_Problem to solve_. Leaving out all pictures, return exactly the lines from the one that contains "Global logistics and supply chain is $11T" through the end of the data below.

_Data block_.
● ● ● ● ●

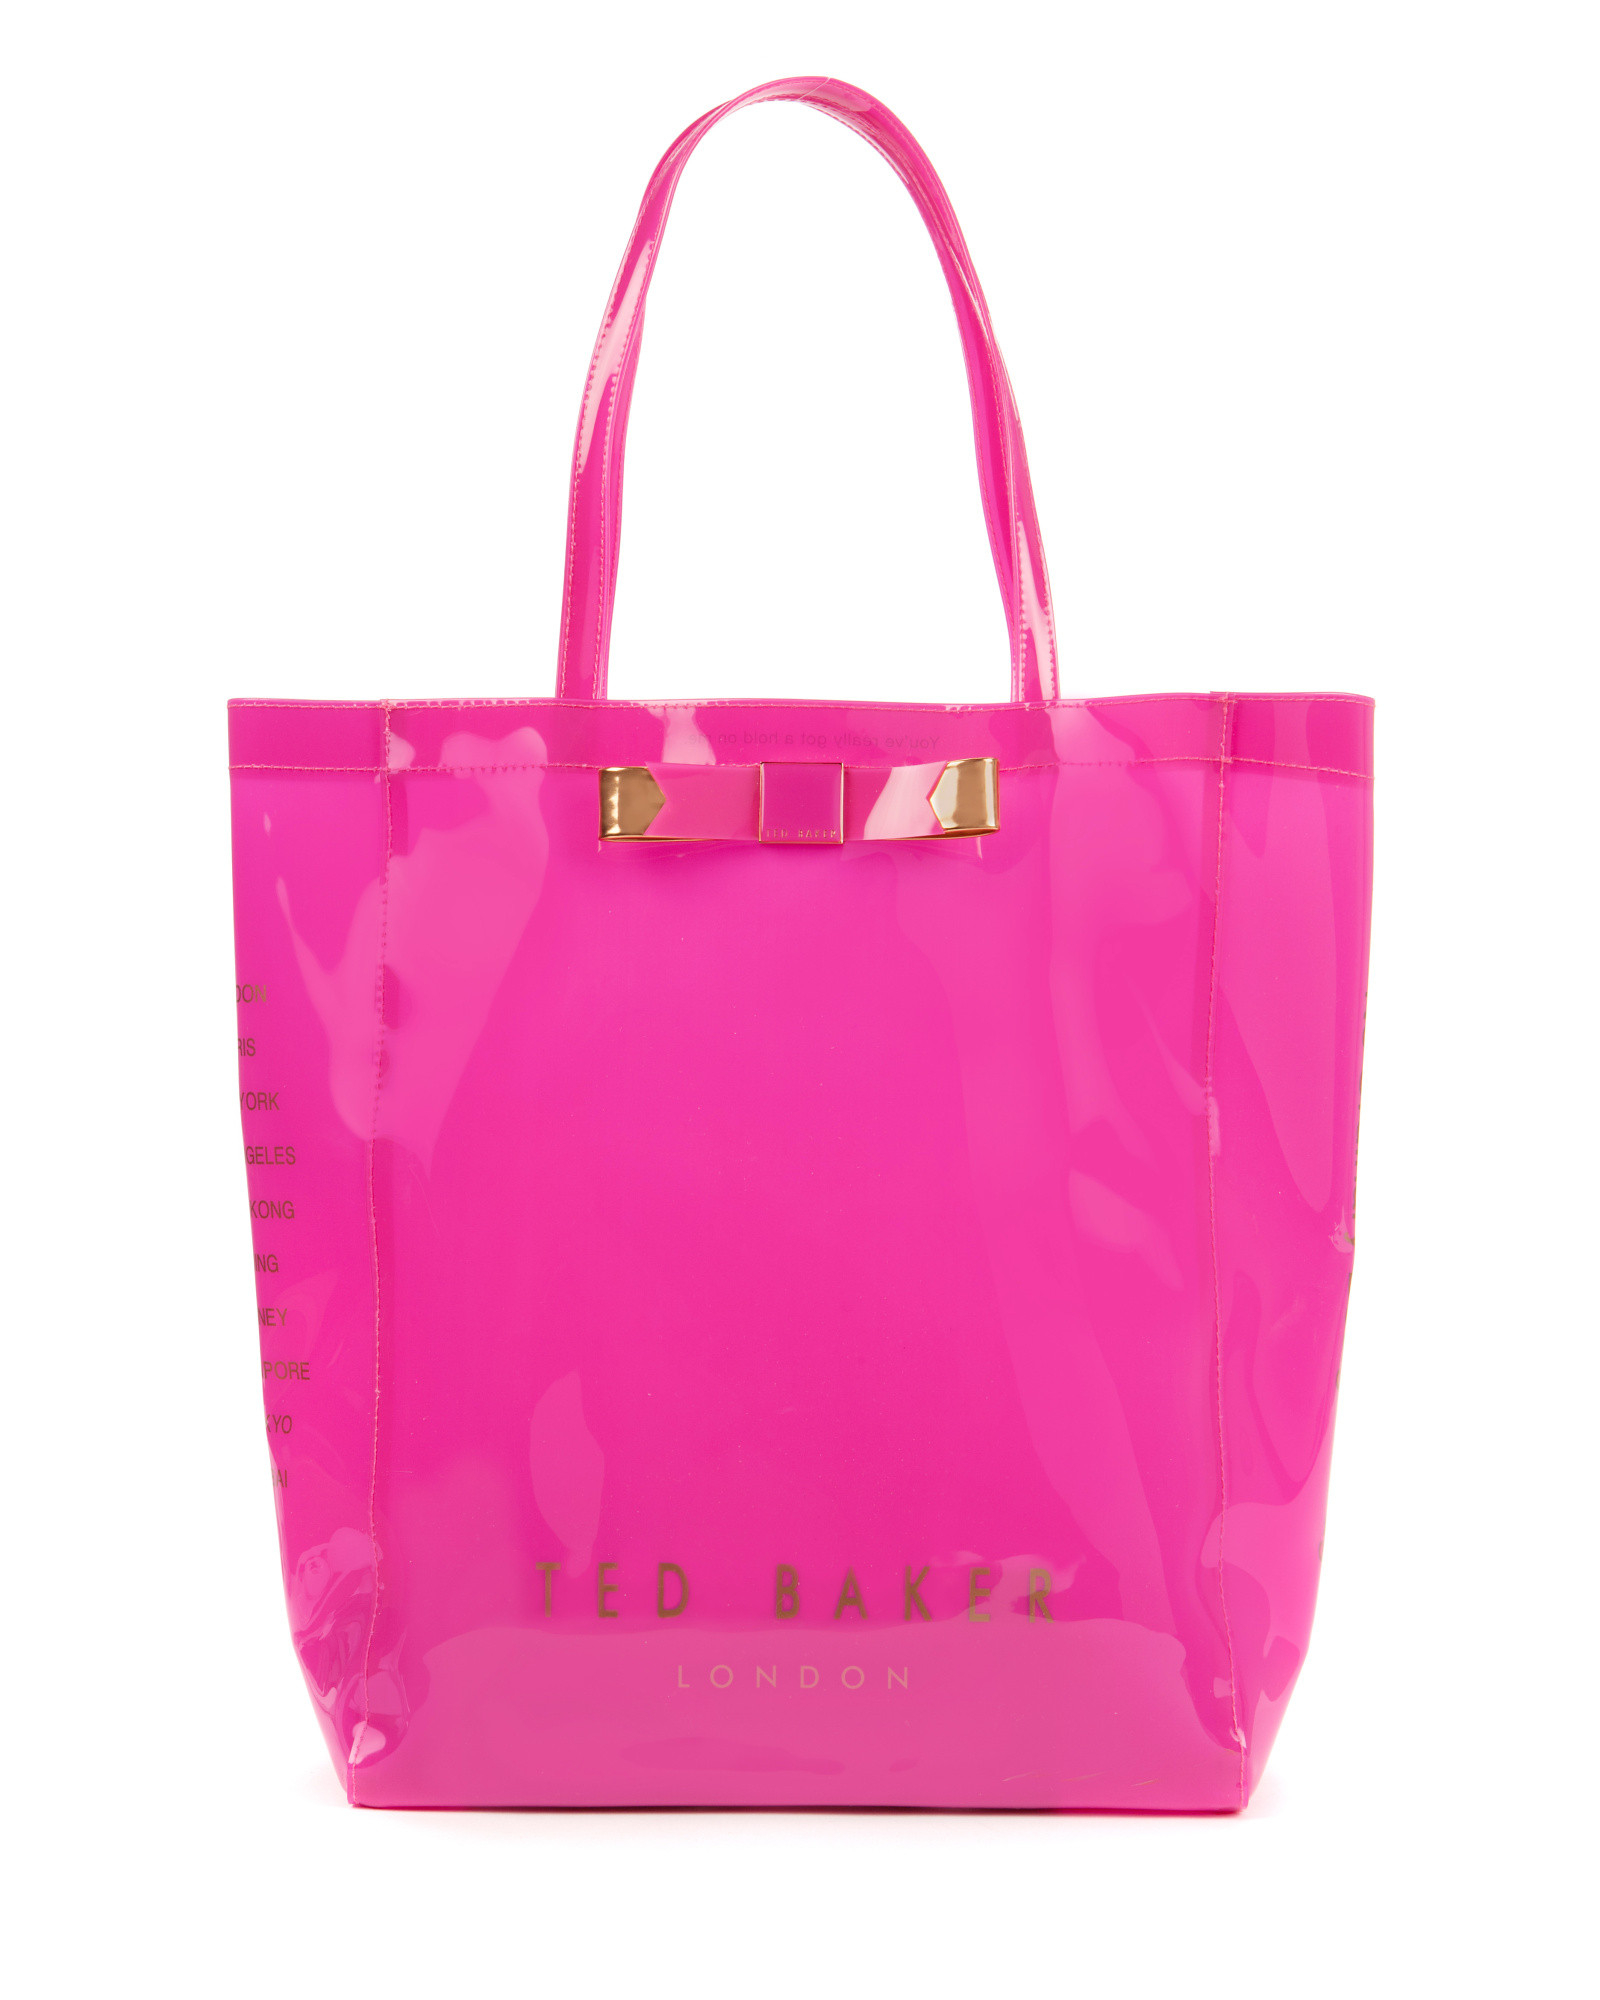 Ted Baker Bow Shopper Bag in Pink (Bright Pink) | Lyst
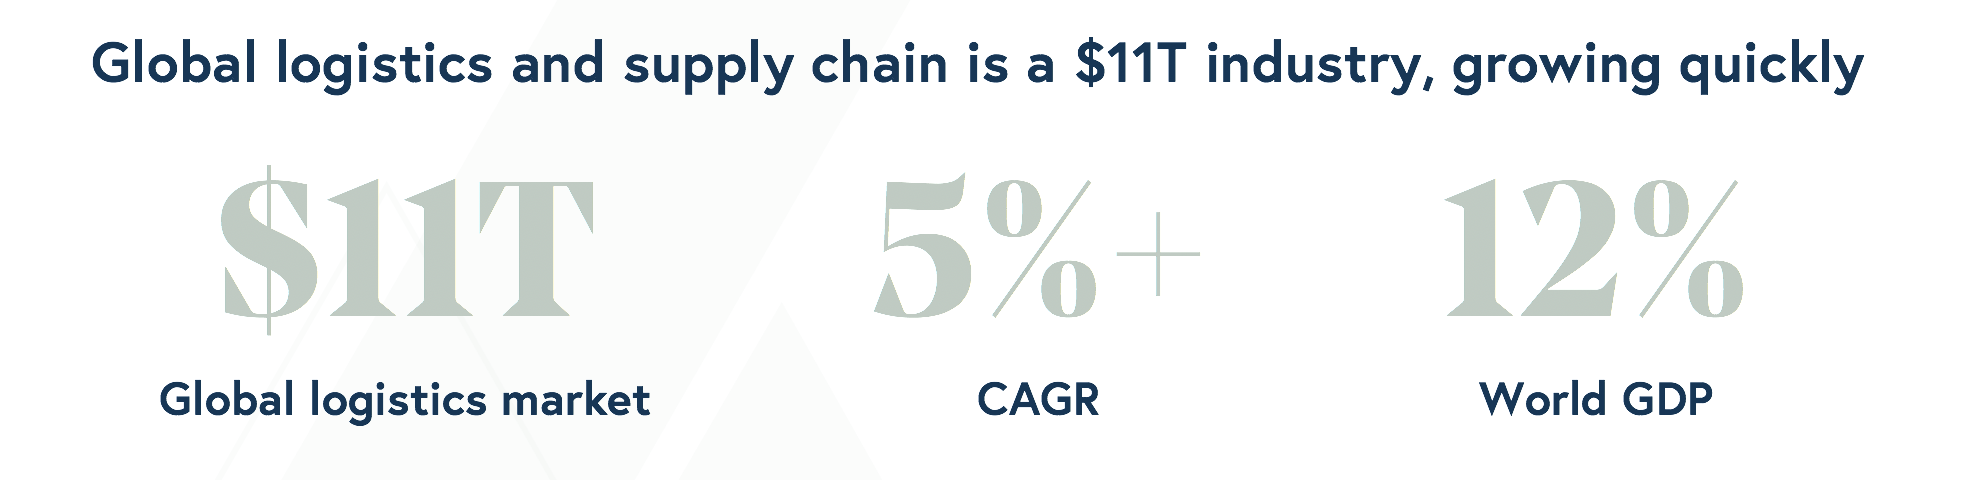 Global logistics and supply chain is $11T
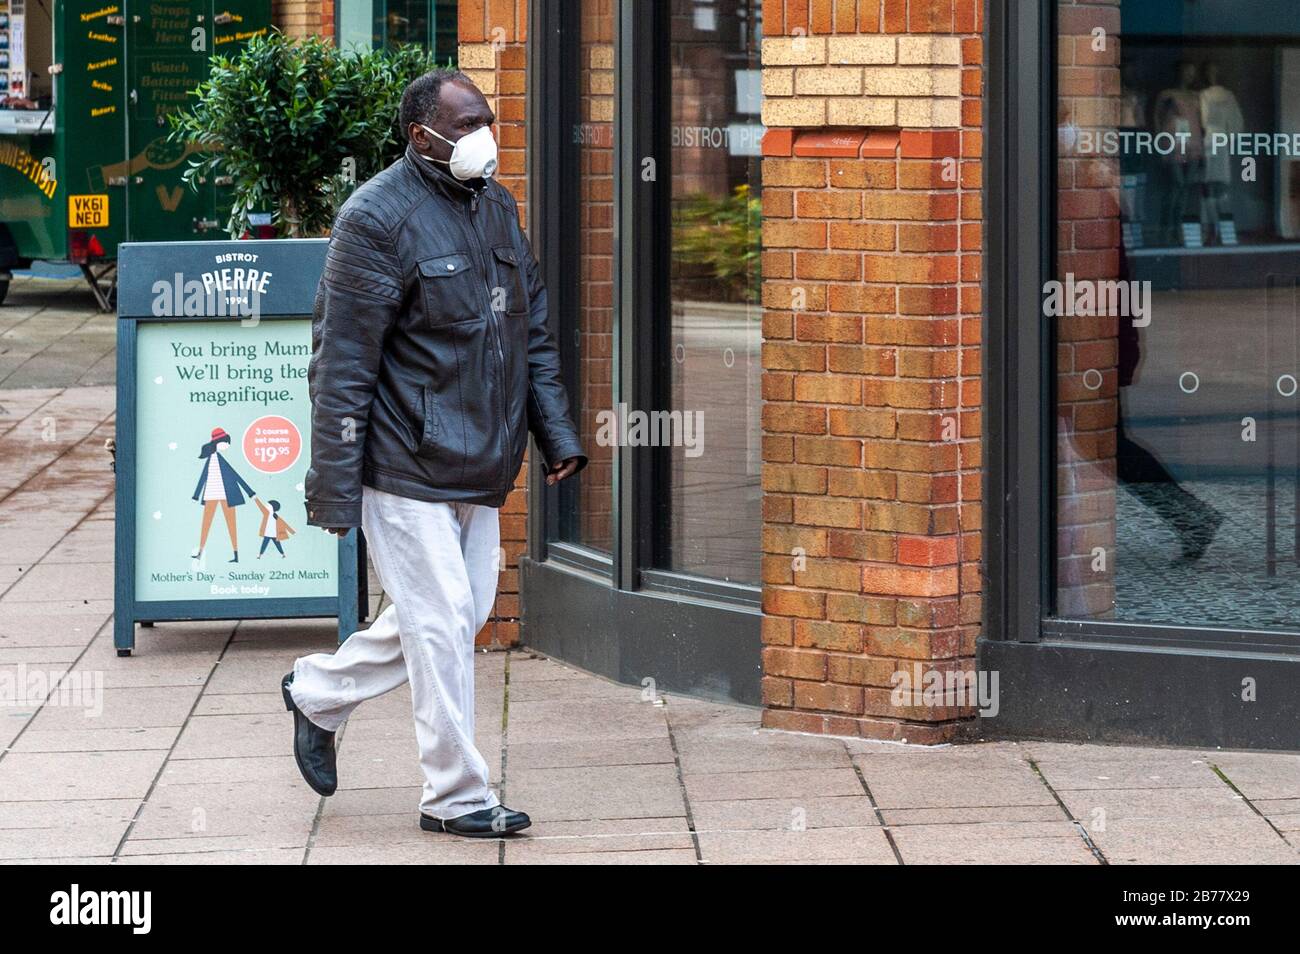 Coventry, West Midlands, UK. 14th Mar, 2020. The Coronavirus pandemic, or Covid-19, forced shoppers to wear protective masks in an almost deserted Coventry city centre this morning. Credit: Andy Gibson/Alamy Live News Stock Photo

● ● ● ● ●

_Solution to this problem_.
 Global logistics and supply chain is $11T
 Coventry, West Midlands, UK. 14th Mar, 2020. The Coronavirus pandemic, or Covid-19, forced shoppers to wear protective masks in an almost deserted Coventry city centre this morning. Credit: Andy Gibson/Alamy Live News Stock Photo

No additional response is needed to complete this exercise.